The animal’s spine contained more vertebrae than any known mammal from the Mesozoic era. And you must have walked in a strange way, because the front half of the animal does not match the back half. And one of his hind legs was gone.

Forearms and shoulders can be compared to cats and dogs, which means they were placed under the body, something very unusual for early mammals that went more than reptiles, said Simone Hoffmann, co-author of the study and assistant professor at the Institute of Technology in New York Department of Anthropology.

But the hind legs have the opposite pattern, suggesting that the legs are outstretched and have more knee joints, such as reptiles. Two patterns on an animal mean it went very differently from anything it has experienced today, Hoffman said.
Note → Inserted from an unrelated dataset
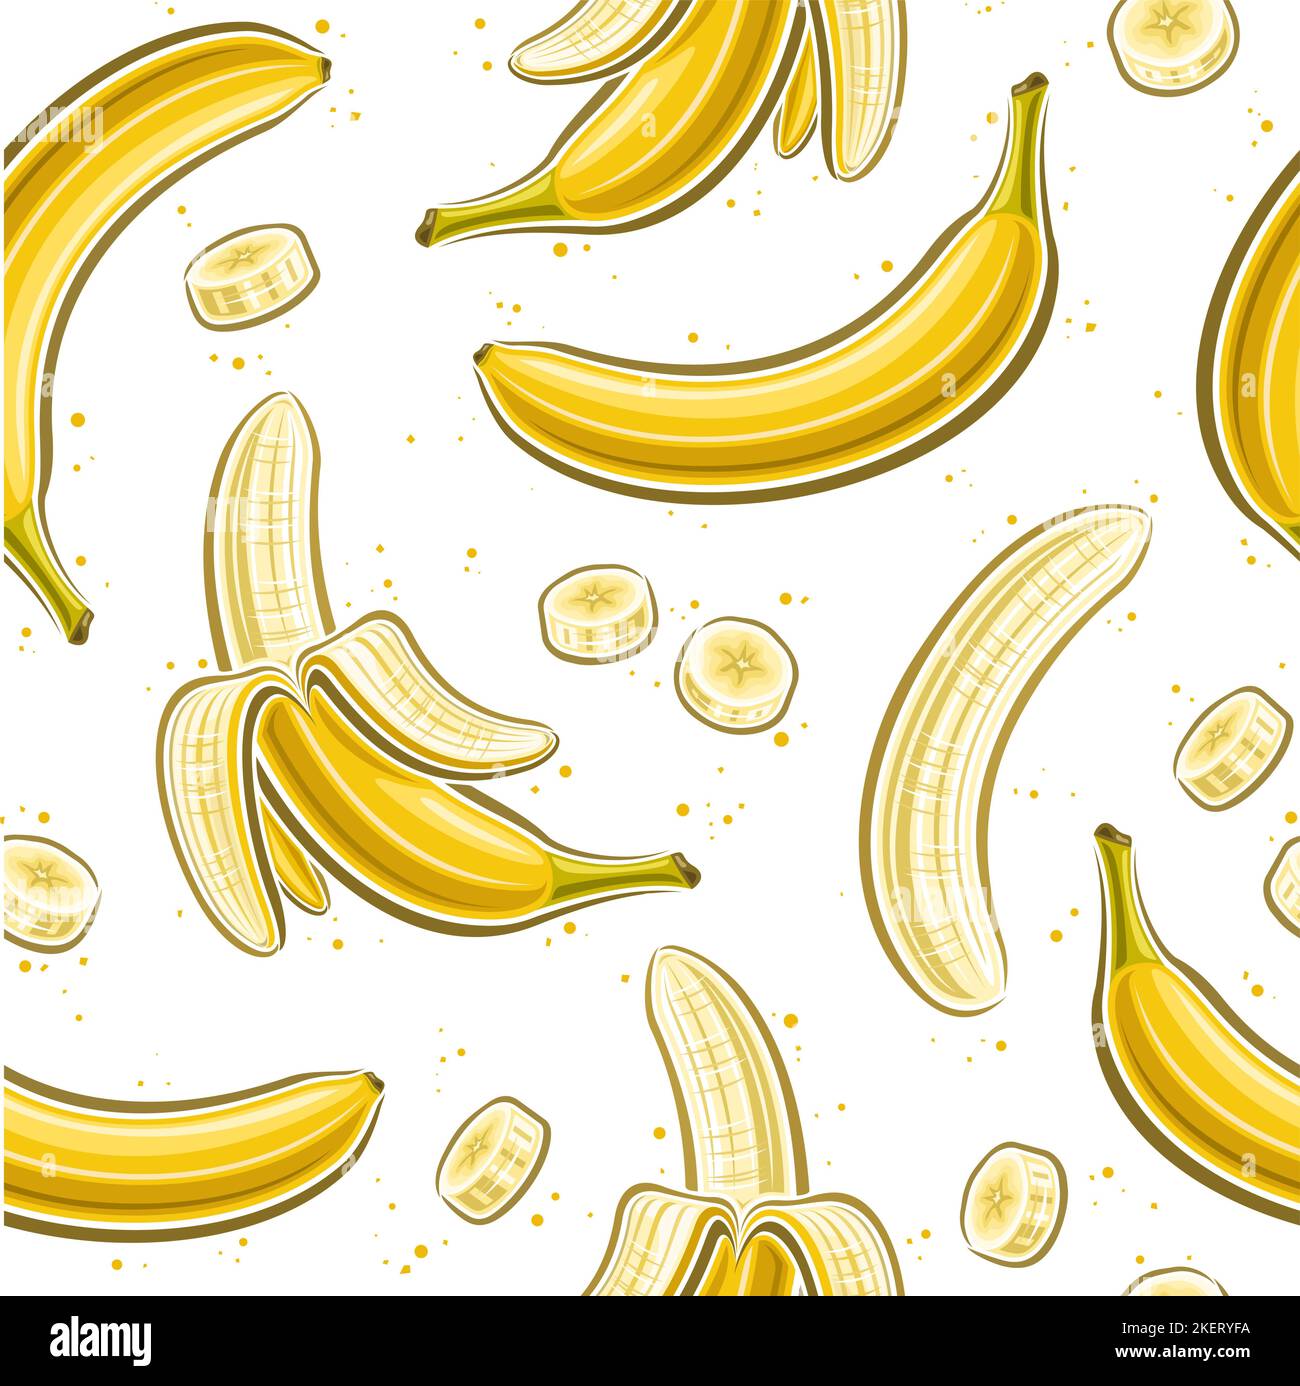 Vector Banana Seamless Pattern, square repeating background with cut out illustrations of whole opened ripe bananas, group of flat lay single closed b Stock Vector

But they think he was able to run, as well as other ways to move.

Adalatherium also had long, strong claws on its hind legs, suggesting that it dug using its hind legs.

“Adalatherium is the weirdest of the weird,” Hoffmann said. “Trying to find out how it moved is almost impossible, because, for example, the front tells a different story than the back.”

Strange island animals and where to find them

Krause and his colleagues researched fossils belonging to unusual animals that had lived in ancient Madagascar for 25 years. This fossil was found in 1999 at the site of a sedimentary basin in northwestern Madagascar. But it has been investigated recently.

Multiple expeditions to that basin revealed dinosaur bones and other vertebrates well preserved and buried by the old stream of debris in the basin. But they had to collect thousands of specimens just to find a handful of mammal fossils, Krause said.

In 2010, they found the skull of a Gondwanatherian. Prior to this, his discoveries were largely limited to teeth and jaw fragments.

Fossils of a Gondwanaterian were first found in Argentina, followed by discoveries in Africa, India, the Antarctic Peninsula and Madagascar. At first, researchers thought they were related to the lazy, the ants, and the armadillo. But they stand alone, unrelated to anything alive today, “now it is known that they were part of a great evolutionary experiment, doing their thing, an experiment that failed and disappeared. [la época del] Eocene, about 45 million years ago, “said Krause.

If the “crazy beast” can be linked to anything, it is multituberculate, a group of extinct rodent-type mammals that lived on the northern continents, according to researchers.

Researchers attribute it to the evolution of an island’s isolated environment. And Madagascar has been an island for a long time. It separated from the Indian subcontinent 88 million years ago and has been alone ever since.

This allowed Madagascar’s animals and dinosaurs, such as Adalatherium, “enough time to develop its many ridiculous features,” Krause said.

Krause’s team found other bizarre fossils in Madagascar, including a giant armored raptor named Beelzebufo, a short-nosed herbivorous crocodile named Simosuchus, and a deer-toothed dinosaur named Masiakasaurus.

“Madagascar is a rather strange place,” Krause said. Plants and animals are not known anywhere else in the world. The evolution on the islands leads to this in a certain sense. ‘

When animals move to isolated areas, such as islands, they face greater competition from both predators and food sources. This makes them grow in species that do not resemble the animals of the continent, including unusual shapes and sizes.

Researchers call it the “island rule”: small animals grow in size, a form of gigantism, while large mammals decrease in size.

Adalatherium probably disappeared along with the rest of the strange animals of Madagascar 66 million years ago, before the island’s population began again with native species, such as lemurs. But the discovery throws out information about the fascinating mammals that came before the ones we know today. And only more research and discoveries will fill the remaining gaps.

“Adalatherium is just one piece, but an important piece in a big puzzle about the early evolution of mammals in the southern hemisphere,” Krause remarked. “Unfortunately, most of the pieces are still missing.”